Price Report
v1 from Modal Cost for Alex
Object Cost from Modal
The cost breakdown for the searching service is categorized into the following components:
- GPU Running Time: Costs vary depending on the GPU type used (e.g., Nvidia H100, L4, L40S).
- CPU Running Time: Costs are based on the number of CPU cores reserved and their usage duration.
- Memory Allocation: Costs are calculated per GiB per second.
- Cloud Storage & Data Transfer: Includes volume usage, CloudBucketMount, and data egress costs.

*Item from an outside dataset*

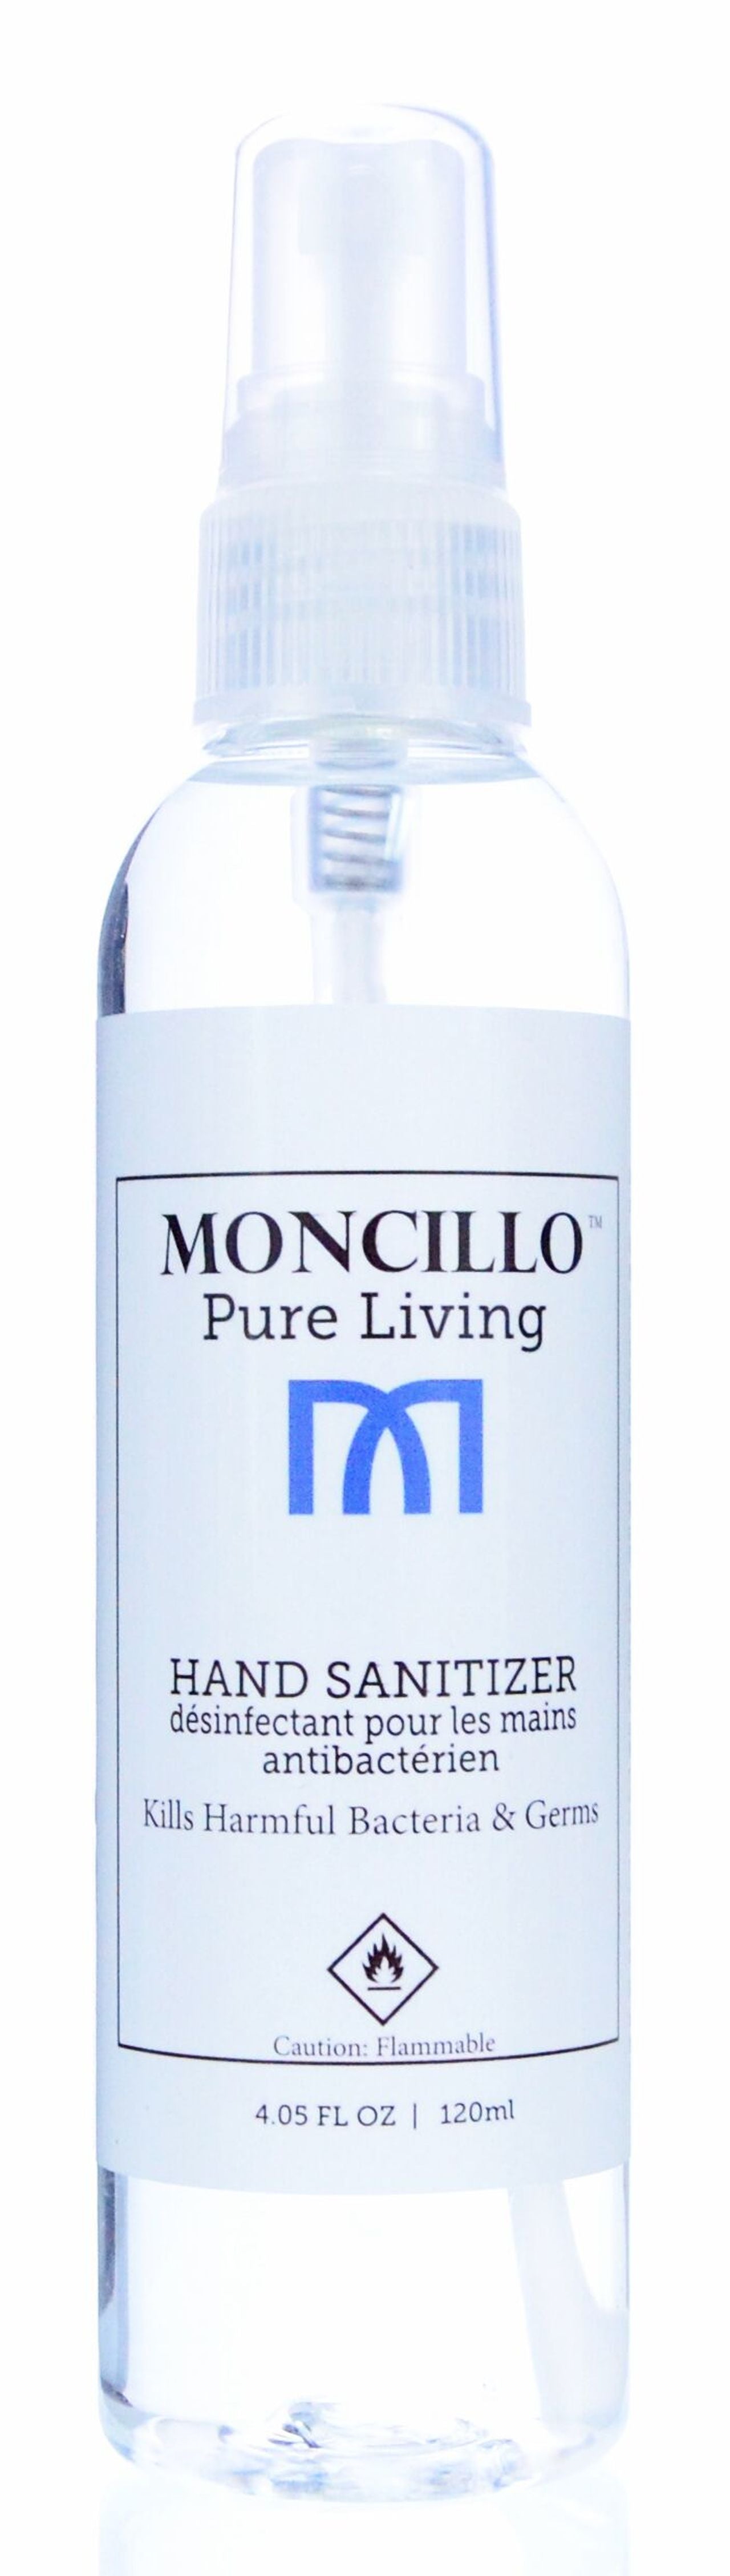 Moncillo Hand Sanitizer 120ml

- Idle Container Time: Costs are incurred for the duration a container remains active, even if idle.
The Methodology Plan to Measure the Cost
- GPU Tasks: Measure the cost per second for each GPU type used in the Catalog and Lookup classes.
- CPU Tasks: Calculate the cost based on the number of CPU cores reserved and their usage time.

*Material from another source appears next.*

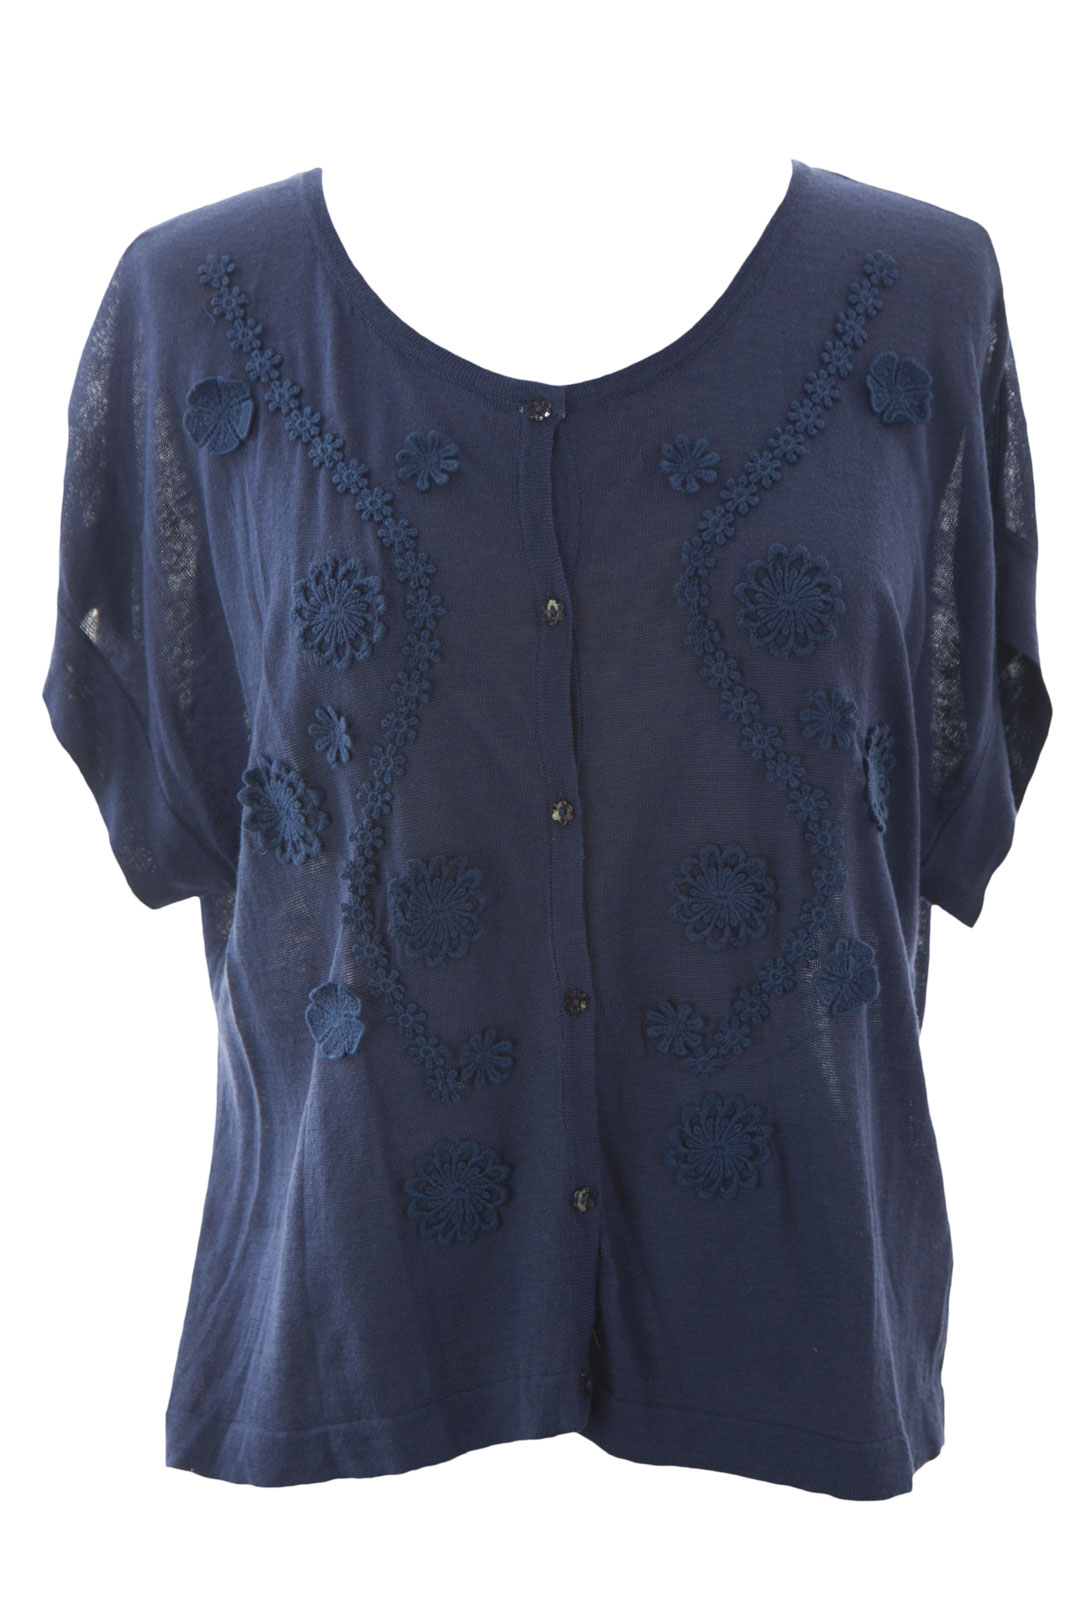 August Silk Women's Floral Knit Short Sleeve Cardigan NWT $68 | eBay

- Memory Usage: Track memory allocation and usage to determine the cost per GiB per second.
- Idle Container Time: Monitor the container idle timeout to calculate the cost of keeping containers active.
- Testing Data: Use real-world testing data (e.g., API calls, image processing) to validate cost calculations.
Key Points of Cost
-
GPU Costs:
- Nvidia H100: $0.001267/sec
- Nvidia L4: $0.000222/sec
- Nvidia L40S: $0.000542/sec
-
CPU Costs:
- $0.000038/core/sec
-
Memory Costs:
- $0.00000667/GiB/sec
-
Idle Container Costs:
- Containers remain active for 720 seconds by default, incurring costs even when idle.
-
Optimization Strategies:
- Increase memory and concurrency for Lookup to handle more requests per container.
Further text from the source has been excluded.